You do not install VCF Automation. You enable it. That one word change from the vRA days is the whole mental shift for this Part. There is no separate installer to babysit, no vRealize Suite Lifecycle Manager to drive. VCF Automation comes up as a component of the fleet, deployed and patched on the same lifecycle as the rest of VCF. Get that framing right and the steps below are short. Miss it and you go looking for an install wizard that does not exist.
Where VCF Automation lives in the fleet
A VCF fleet is the management envelope around one or more VCF instances. It runs a single set of fleet-level management components, and two of them matter here: one VCF Operations instance and one VCF Automation instance. That single VCF Automation serves every workload domain and every VCF instance in the fleet. You do not deploy one per instance, and trying to is a common early misconception that wastes capacity.
Fleet Management is the appliance that owns the lifecycle of these components. It is what deploys the VCF Automation appliance, and later what patches and upgrades it. So the order is fixed: a healthy management domain, then VCF Operations and the Fleet Management appliance, then VCF Automation as a fleet component on top. If the layers beneath are not solid, do not start the layer above.
Prerequisites before you enable
Most failed VCF Automation deployments are not deployment failures. They are prerequisite failures that surface during deployment, which is the worst time to discover them.

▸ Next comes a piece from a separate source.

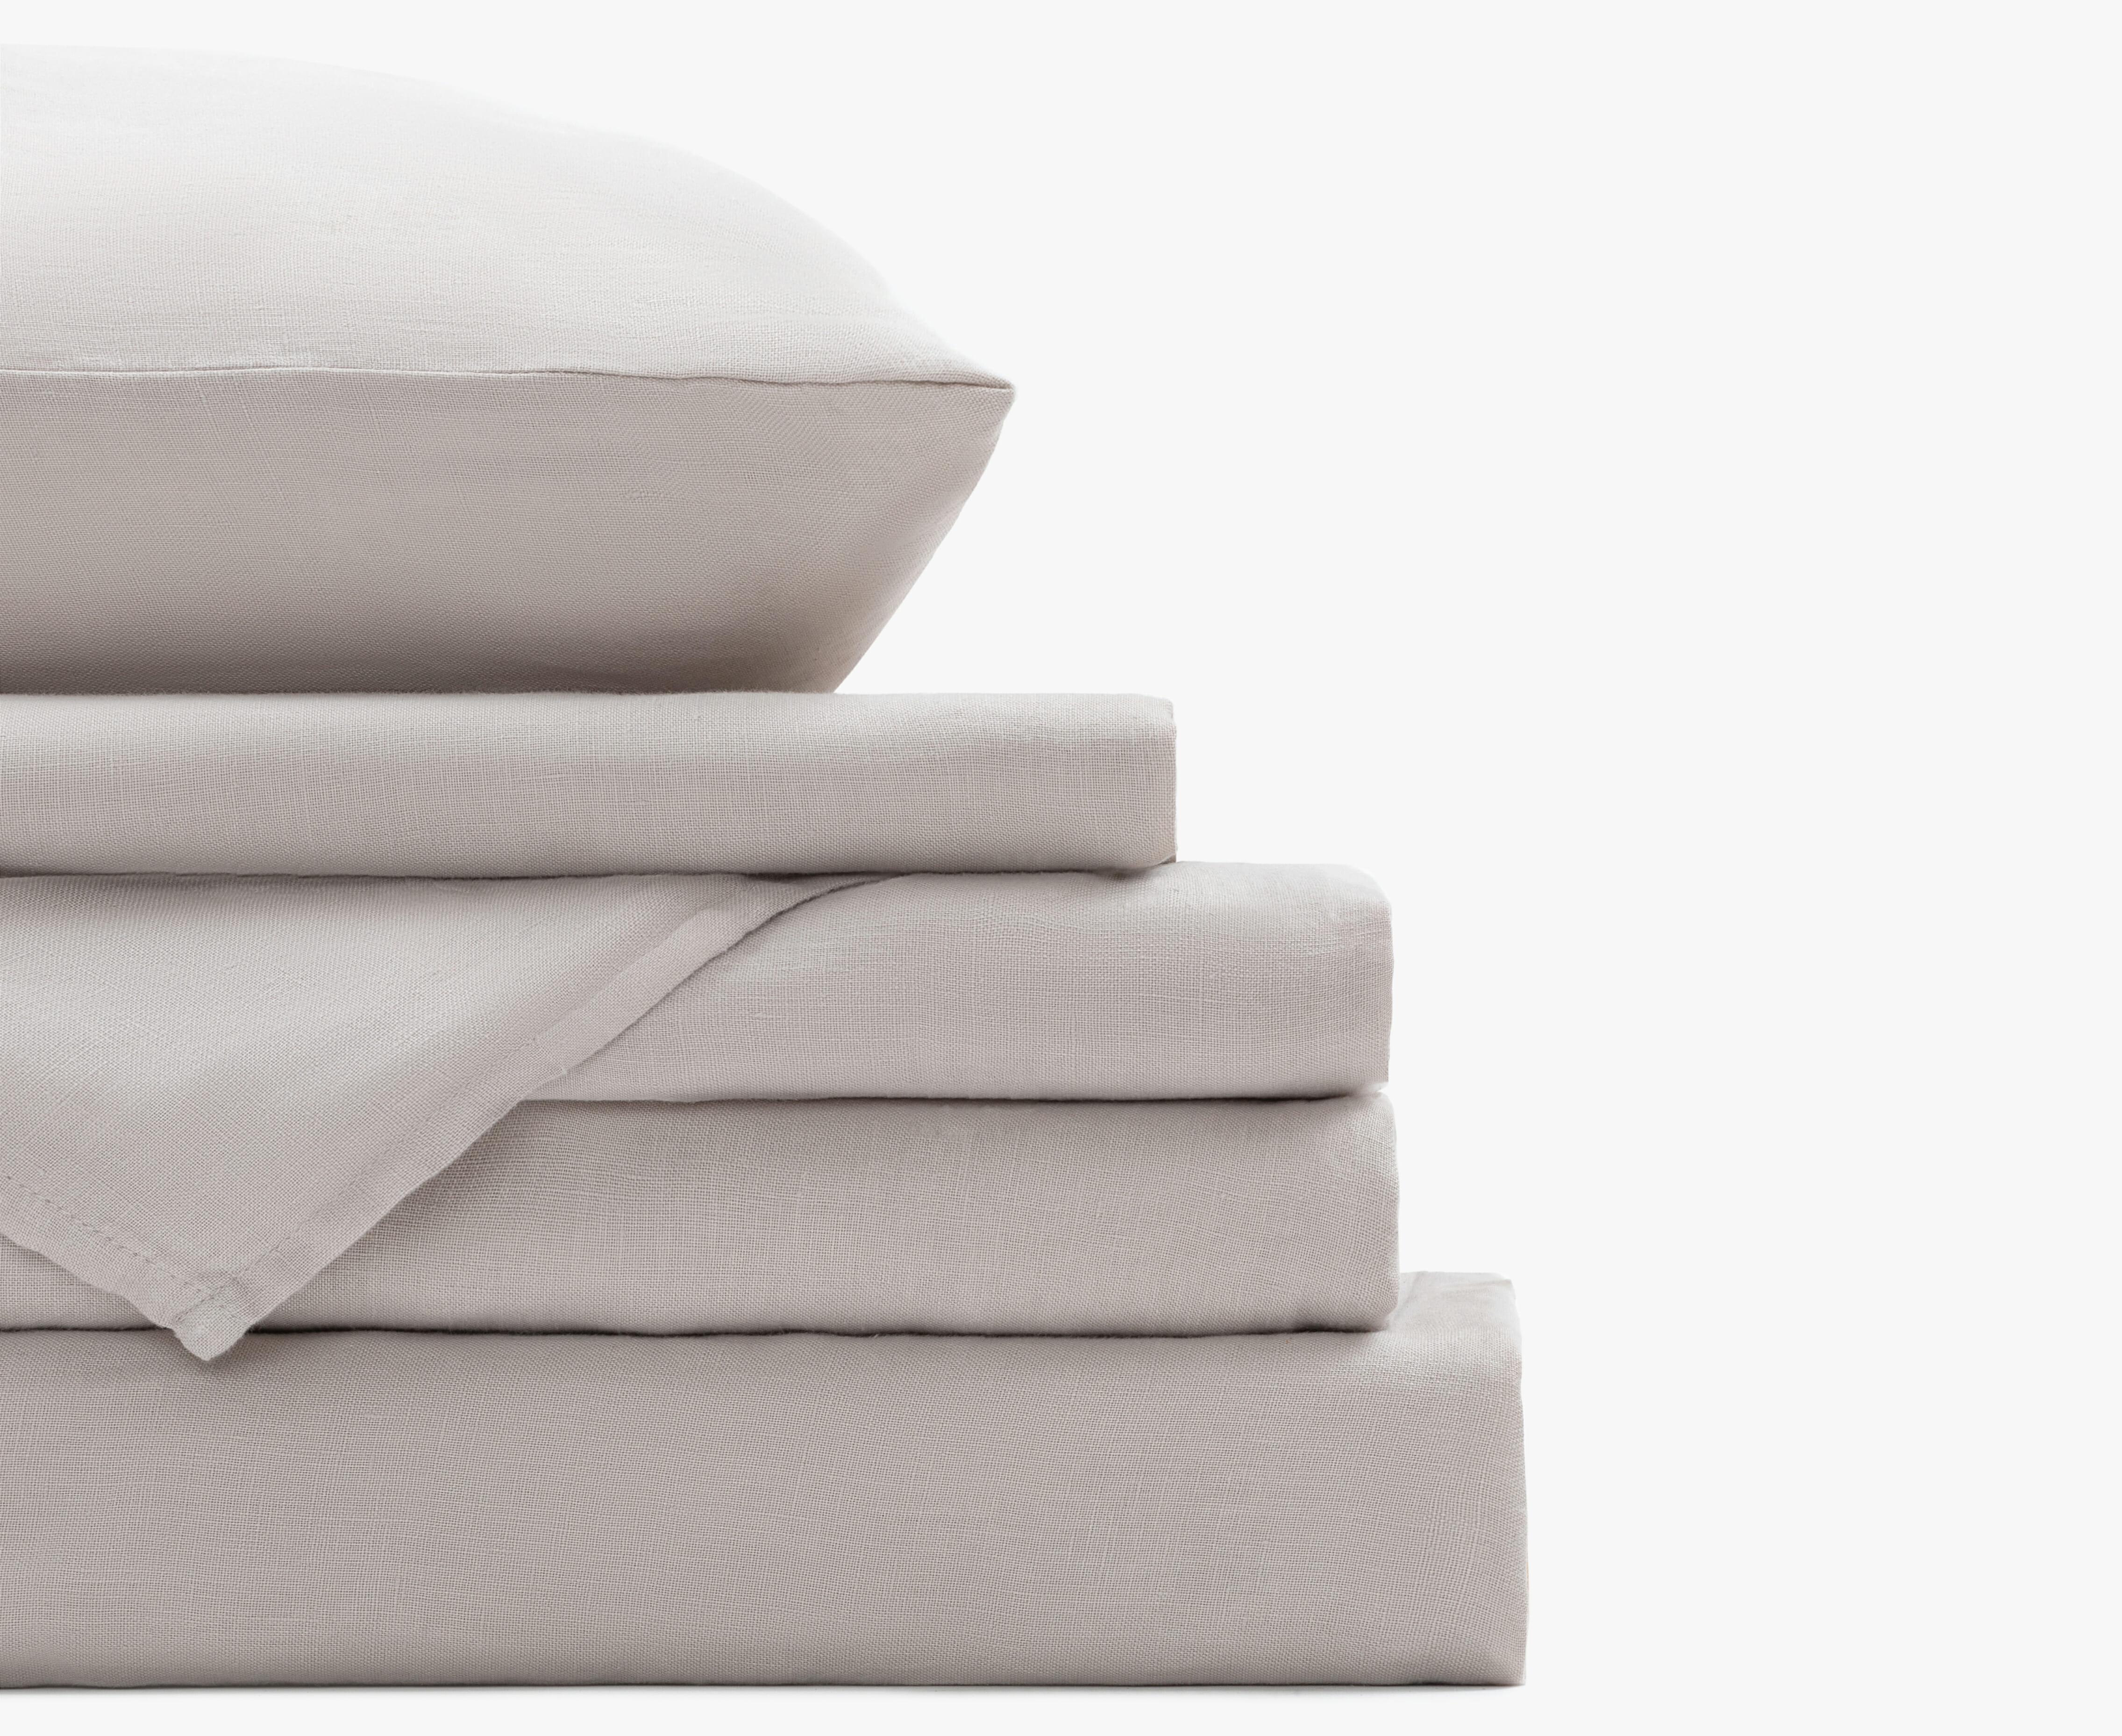 French linen set
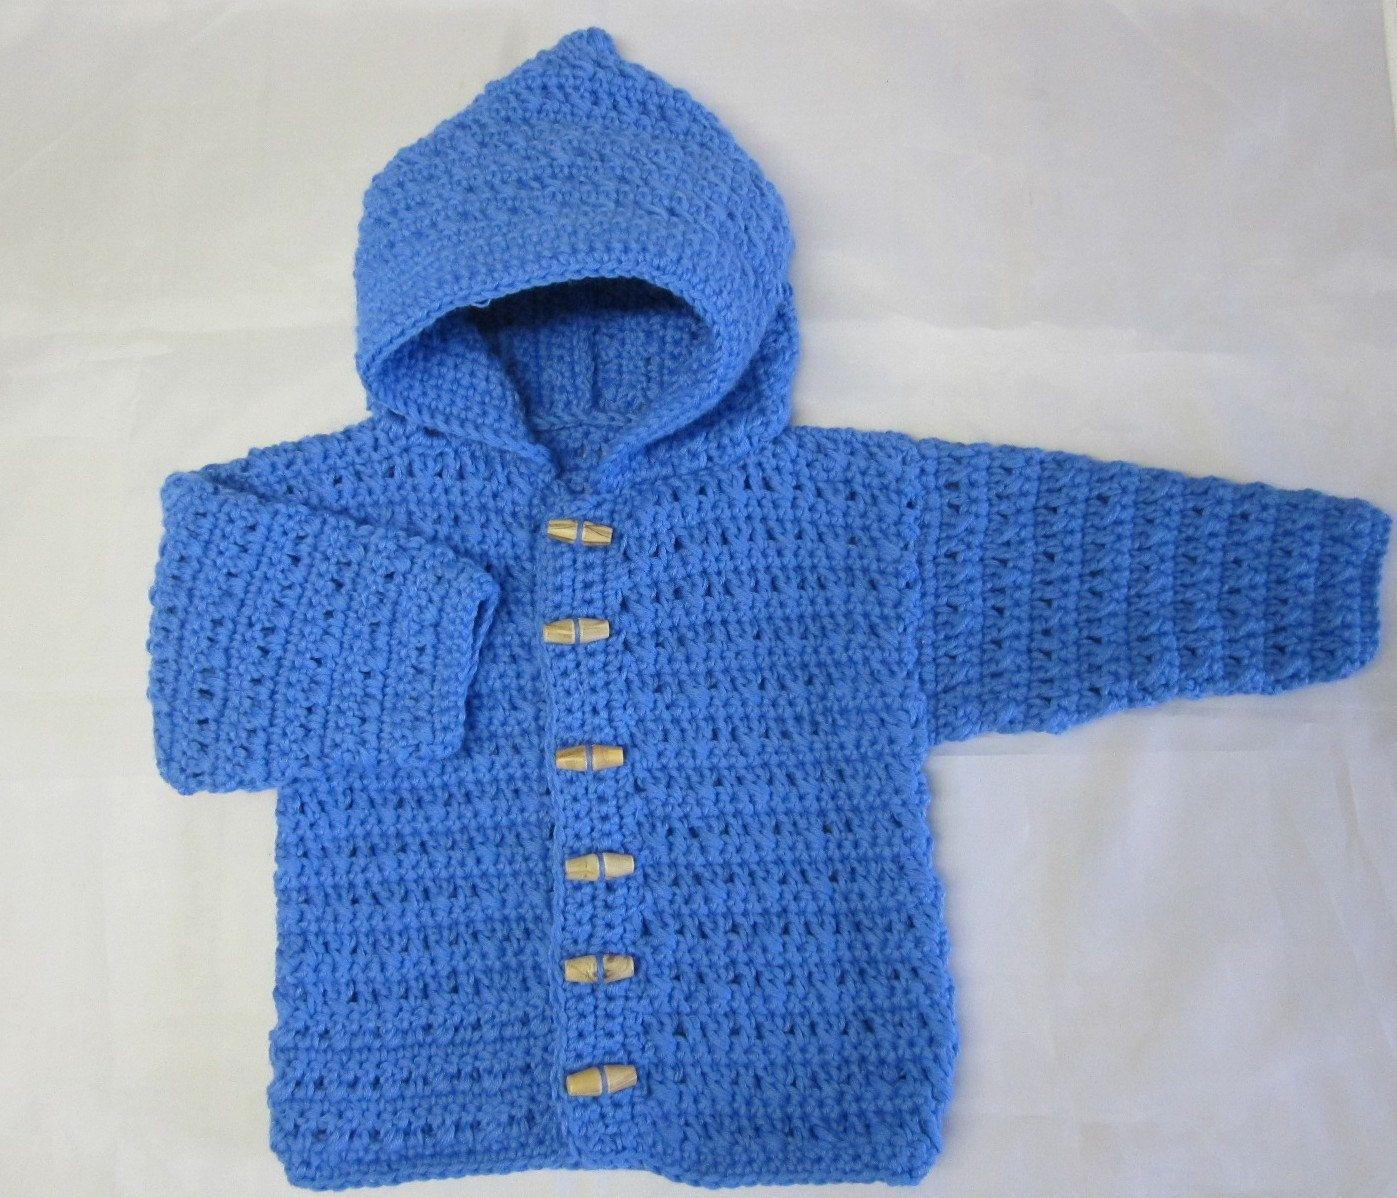 Crochet Baby Boy Sweater 5392 Wallpapers

Walk this list before you open the wizard.
| Prerequisite | Why it matters | Check |
|---|---|---|
| Healthy management domain | VCF Automation runs as a fleet component on it | No active alarms, capacity headroom |
| VCF Operations + Fleet Management | Fleet Management deploys and lifecycles VCF Automation | Both deployed and reachable |
| Two static IPs | Primary plus a temporary upgrade IP | Reserved and free in your IPAM |
| Forward and reverse DNS | Appliance services expect to resolve their own names | A and PTR records exist for both IPs |
| Time and NTP | Token and certificate logic is time-sensitive | NTP consistent across the fleet |
The two-IP requirement is the one that catches people. VCF Automation wants a primary management IP and a second IP that is used temporarily during upgrades. Both need to exist in DNS before you deploy, with forward and reverse records, or the appliance comes up unhappy and you spend an evening on what should have been a checkbox.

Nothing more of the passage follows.